As an improvement, the product full life cycle carbon management evaluation index comprises: the method comprises the steps of product research and development design, raw material purchase transportation, production and packaging, distribution and use, carbon reduction target of individual links of scrapped recovery product life cycle, management system, budget setting, technical innovation quantity, self-grinding degree, carbon reduction technology and technology fund investment, carbon reduction effect and overall efficiency benefit, and comprises product level carbon reduction, product organization level energy saving, total asset return rate, sales net benefit rate, cost benefit ratio and industry contribution.

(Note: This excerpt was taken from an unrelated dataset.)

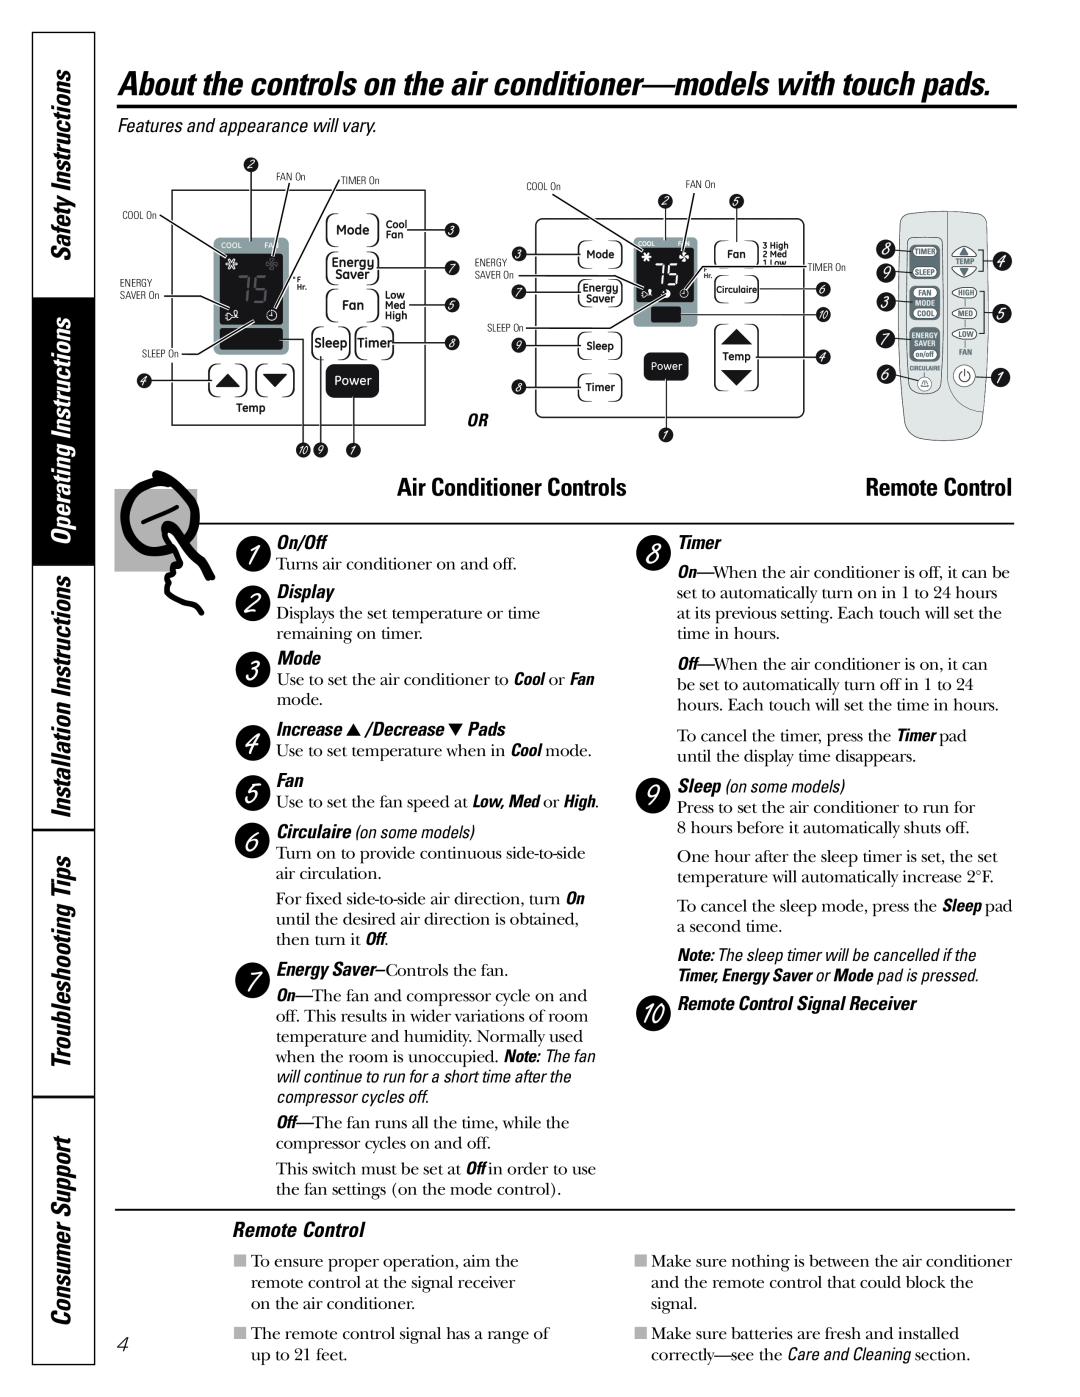 GE ASM06* Operating Instructions Safety Instructions, Consumer, Remote Control, Circulaire on some models

An evaluation platform for full life cycle carbon neutralization performance of manufacturing enterprises comprises a data source, a data acquisition and management module, a data fusion scoring module and a data calculation module from bottom to top,
the data acquisition management module is used for identifying, disassembling, classifying, storing, analyzing and managing various data acquired from the data source, and disambiguating the data to construct carbon neutralization metadata and identify carbon neutralization main data;
the data fusion scoring module uses two main data of product full life cycle carbon management data and organization full life cycle carbon management data, and calculates enterprise carbon neutralization evaluation base table scoring and each classification scoring item by combining a quantitative scoring model and a carbon neutralization measuring algorithm;
the data calculation module can calculate a final scoring table of enterprise carbon neutralization performance based on the treated main data and carbon neutralization measurement algorithm in the platform and the carbon neutralization quantitative scoring model to determine the current carbon neutralization capacity of the enterprise, and is used for analyzing and predicting carbon data and providing optimization suggestions for the carbon neutralization direction of the enterprise.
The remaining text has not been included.